Linear Video Coding and Transmission schemes for next generation video applications
VCIP 2022 Tutorial, 13th December, Suzhou, China

Tutorial Description and Motivation

Conventional video coding and transmission systems are currently based on digital video compression (e.g., HEVC) on a suitable network protocol (802.11, 4G, or 5G) and rely on Shannon separation theorem. However, they suffer from some inherent limitations when the video content is transmitted over wireless error-prone networks. First, the coding choices (compression rate, channel coding rate) are decided a priori and at the transmitter and are the same for all the potential receivers. They could misfit with the actual channel conditions. Some user(s) with degraded channels may undergo digital cliff (glitches or freeze of the video) while other(s) may have a very good channel and yet not taking fully benefit of it since the design choices are based on more pessimistic hypotheses. Second, the traditional techniques require a permanent adaptation of the coding parameters by the transmitter relying on an estimate of the rate-distortion characteristic of the source and on an estimation of the channel characteristics, implying additional delay to perform this adaptation. Third, delay is introduced by the various buffers present at the encoder, within the network, and at the receiver. They are either required to smooth out variations of the encoding rate and of the channel characteristics, or due to the shared network infrastructure.

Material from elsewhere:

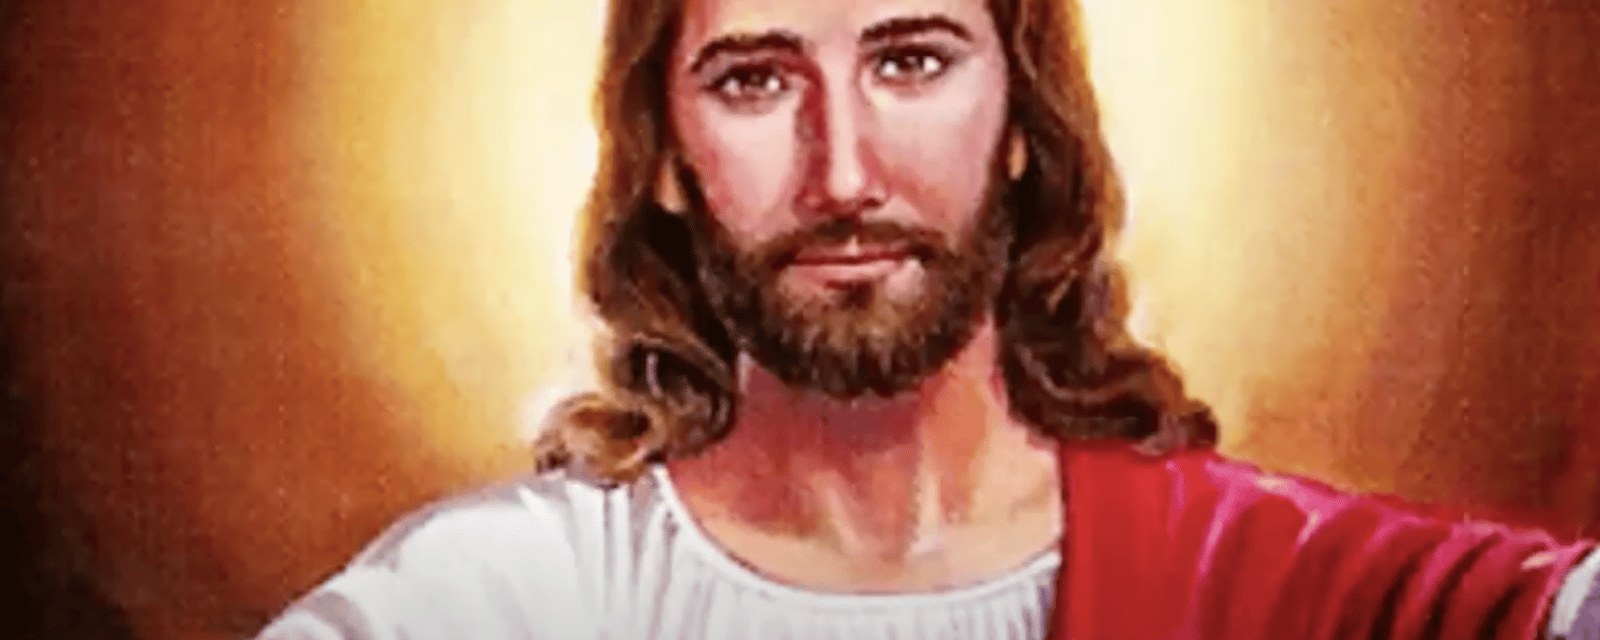 Des experts médico-légaux ont révélé la véritable apparence de Jésus

Linear Video Coding and Transmission (LVCT) schemes, pioneered by the SoftCast architecture, have demonstrated over the last decade a high potential to address/mitigate these issues. LVCT schemes are joint source-channel video coding and transmission architectures that process pixels by successive linear operations (spatio-temporal decorrelation transform, power allocation, analog modulation) and directly transmit the information without quantization or coding. LVCT architectures deliver a single data stream that can be decoded by any receiver, even those experiencing bad channel quality. This data stream allows each receiver to decode a video quality commensurate with its channel quality, without requiring any feedback information, while avoiding the complex adaptation mechanisms of conventional schemes. Moreover, LVCT schemes offer a relatively low and controlled latency that can be adjusted through the size of the temporal transform. This is a paradigm break with respect to traditional video transmission architectures, which has the potential of dramatically improving the quality of experience in wireless and latency-constrained scenarios.

This tutorial will first introduce use cases where LVCT schemes can make a difference compared to traditional schemes relying on conventional encoded video streams (e.g., HEVC) over a suitable network protocol (802.11, 4G, or 5G). Issues with conventional digital schemes will also be discussed (e.g., complex adaptation, cliff-effect, etc.), justifying the LVCT approaches. Then, a block-by-block description of the components of the baseline SoftCast LVCT scheme will be presented and visual examples provided to facilitate the understanding. A third part will be devoted to real implementations of LVCT architectures, the dense modulation process and bandwidth computation will be detailed. Recent technical innovations and results including those dedicated to new media (VR, 360°, point cloud) from the literature will be presented and discussed. Finally, current research challenges related to the development of LVCT schemes will be presented, including hybrid digital analog schemes, channel adaptation and reduction of the latency.